--- START ---

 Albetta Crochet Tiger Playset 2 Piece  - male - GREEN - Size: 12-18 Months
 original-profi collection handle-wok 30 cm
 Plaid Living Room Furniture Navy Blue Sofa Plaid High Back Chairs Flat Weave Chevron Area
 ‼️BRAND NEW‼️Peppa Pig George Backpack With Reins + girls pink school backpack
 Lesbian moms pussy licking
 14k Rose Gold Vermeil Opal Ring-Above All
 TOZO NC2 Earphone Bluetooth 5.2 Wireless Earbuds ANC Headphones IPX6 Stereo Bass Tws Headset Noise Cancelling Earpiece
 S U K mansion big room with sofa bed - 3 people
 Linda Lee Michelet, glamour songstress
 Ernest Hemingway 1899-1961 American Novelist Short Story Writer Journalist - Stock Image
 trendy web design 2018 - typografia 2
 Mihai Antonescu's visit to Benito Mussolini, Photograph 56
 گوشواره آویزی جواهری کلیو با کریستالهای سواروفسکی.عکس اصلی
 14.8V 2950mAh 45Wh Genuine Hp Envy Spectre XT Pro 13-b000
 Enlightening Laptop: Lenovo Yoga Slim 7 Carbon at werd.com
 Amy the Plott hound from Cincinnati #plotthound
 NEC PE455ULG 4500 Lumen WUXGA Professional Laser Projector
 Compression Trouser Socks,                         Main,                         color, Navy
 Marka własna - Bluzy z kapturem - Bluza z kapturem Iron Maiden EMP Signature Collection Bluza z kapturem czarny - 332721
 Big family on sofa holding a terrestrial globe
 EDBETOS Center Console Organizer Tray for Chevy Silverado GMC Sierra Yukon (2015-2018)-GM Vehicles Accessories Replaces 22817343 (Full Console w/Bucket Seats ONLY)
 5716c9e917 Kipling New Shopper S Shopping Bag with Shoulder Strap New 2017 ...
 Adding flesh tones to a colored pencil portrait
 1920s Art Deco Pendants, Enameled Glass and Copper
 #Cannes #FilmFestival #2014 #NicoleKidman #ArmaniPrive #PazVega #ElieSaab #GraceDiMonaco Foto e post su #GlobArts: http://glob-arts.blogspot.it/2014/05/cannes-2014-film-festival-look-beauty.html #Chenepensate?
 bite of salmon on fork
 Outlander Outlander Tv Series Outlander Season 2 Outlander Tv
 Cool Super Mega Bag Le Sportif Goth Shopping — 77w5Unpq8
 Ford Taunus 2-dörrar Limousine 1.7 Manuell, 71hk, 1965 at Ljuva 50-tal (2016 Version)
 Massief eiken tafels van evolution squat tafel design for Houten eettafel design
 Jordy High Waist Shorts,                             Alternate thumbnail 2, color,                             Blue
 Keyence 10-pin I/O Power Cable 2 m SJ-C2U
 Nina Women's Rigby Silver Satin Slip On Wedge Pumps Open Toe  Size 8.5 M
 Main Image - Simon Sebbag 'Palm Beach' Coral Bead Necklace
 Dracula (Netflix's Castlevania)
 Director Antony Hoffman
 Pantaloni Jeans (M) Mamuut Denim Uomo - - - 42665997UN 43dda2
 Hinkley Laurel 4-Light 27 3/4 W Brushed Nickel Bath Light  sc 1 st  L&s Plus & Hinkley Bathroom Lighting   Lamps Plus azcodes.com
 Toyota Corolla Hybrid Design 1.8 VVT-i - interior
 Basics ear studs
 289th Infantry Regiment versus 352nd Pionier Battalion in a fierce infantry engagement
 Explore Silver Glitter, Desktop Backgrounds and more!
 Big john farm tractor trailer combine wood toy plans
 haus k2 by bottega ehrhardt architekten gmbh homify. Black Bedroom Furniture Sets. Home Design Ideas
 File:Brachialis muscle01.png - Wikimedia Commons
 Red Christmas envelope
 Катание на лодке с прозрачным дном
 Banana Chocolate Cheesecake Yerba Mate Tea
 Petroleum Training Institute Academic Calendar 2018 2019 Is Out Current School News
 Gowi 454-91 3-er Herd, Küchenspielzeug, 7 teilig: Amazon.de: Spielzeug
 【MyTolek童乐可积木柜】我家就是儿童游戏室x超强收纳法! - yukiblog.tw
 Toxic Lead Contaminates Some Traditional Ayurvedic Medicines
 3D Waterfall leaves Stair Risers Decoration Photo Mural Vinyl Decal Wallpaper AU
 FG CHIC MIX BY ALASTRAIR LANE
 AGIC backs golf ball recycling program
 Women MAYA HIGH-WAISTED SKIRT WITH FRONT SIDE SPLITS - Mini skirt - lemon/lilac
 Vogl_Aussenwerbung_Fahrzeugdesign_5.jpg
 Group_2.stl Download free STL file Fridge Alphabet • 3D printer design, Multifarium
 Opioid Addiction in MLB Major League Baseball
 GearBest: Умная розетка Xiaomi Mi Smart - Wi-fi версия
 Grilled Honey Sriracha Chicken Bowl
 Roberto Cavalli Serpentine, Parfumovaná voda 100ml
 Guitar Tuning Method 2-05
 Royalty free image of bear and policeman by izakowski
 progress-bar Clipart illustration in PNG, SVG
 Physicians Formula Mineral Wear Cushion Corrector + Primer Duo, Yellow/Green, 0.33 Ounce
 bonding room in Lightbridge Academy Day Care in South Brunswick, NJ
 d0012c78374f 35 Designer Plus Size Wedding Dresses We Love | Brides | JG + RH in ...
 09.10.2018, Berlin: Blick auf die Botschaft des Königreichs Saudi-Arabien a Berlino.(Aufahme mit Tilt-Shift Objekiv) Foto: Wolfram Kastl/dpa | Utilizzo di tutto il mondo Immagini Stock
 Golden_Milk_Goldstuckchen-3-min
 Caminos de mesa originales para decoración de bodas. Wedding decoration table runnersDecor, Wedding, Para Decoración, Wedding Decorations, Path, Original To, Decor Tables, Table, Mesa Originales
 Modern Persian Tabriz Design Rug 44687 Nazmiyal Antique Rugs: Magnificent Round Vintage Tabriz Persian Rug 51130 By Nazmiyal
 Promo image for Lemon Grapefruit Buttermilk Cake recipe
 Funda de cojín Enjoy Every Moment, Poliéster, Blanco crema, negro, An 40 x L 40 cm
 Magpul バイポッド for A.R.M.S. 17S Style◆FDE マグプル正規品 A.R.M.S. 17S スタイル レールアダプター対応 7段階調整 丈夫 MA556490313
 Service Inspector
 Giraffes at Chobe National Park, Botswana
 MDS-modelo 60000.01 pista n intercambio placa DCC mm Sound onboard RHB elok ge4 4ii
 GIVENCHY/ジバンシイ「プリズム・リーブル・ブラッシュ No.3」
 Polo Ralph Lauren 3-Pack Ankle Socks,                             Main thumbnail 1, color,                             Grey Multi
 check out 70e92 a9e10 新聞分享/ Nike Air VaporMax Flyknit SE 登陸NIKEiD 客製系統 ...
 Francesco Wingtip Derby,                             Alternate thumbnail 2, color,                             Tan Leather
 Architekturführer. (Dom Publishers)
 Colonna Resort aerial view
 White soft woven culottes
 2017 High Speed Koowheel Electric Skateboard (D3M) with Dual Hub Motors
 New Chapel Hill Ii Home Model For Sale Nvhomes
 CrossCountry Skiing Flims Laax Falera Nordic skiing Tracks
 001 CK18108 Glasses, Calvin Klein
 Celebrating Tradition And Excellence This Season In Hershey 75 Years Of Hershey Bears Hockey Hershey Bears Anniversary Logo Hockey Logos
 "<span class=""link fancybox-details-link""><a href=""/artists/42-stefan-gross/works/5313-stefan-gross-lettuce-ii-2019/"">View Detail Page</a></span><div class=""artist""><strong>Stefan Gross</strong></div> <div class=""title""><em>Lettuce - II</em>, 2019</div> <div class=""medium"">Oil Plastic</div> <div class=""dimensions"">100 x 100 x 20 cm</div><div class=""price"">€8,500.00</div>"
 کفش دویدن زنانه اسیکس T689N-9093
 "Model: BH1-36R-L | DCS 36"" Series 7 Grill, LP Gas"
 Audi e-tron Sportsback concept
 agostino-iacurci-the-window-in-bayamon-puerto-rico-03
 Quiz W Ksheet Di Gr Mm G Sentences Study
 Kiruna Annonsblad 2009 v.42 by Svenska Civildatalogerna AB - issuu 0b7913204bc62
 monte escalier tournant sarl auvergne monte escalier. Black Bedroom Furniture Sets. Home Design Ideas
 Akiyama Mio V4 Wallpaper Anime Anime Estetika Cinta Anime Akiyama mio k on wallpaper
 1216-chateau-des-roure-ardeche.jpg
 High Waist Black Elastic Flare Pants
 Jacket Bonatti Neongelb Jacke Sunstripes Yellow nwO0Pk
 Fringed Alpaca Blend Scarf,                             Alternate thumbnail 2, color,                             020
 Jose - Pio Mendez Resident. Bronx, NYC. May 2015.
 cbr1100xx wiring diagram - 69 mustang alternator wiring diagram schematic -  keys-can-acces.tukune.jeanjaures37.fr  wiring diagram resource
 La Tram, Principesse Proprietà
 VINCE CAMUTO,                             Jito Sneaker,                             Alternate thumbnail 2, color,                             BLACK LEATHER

--- END ---

Using the entries above, give again exactly the lines from the line holding "Main Image - Simon" through the line holding "Explore Silver Glitter, Desktop". Include both end lines and nothing else.

## [EXERCISE RESULT]
 Main Image - Simon Sebbag 'Palm Beach' Coral Bead Necklace
 Dracula (Netflix's Castlevania)
 Director Antony Hoffman
 Pantaloni Jeans (M) Mamuut Denim Uomo - - - 42665997UN 43dda2
 Hinkley Laurel 4-Light 27 3/4 W Brushed Nickel Bath Light  sc 1 st  L&s Plus & Hinkley Bathroom Lighting   Lamps Plus azcodes.com
 Toyota Corolla Hybrid Design 1.8 VVT-i - interior
 Basics ear studs
 289th Infantry Regiment versus 352nd Pionier Battalion in a fierce infantry engagement
 Explore Silver Glitter, Desktop Backgrounds and more!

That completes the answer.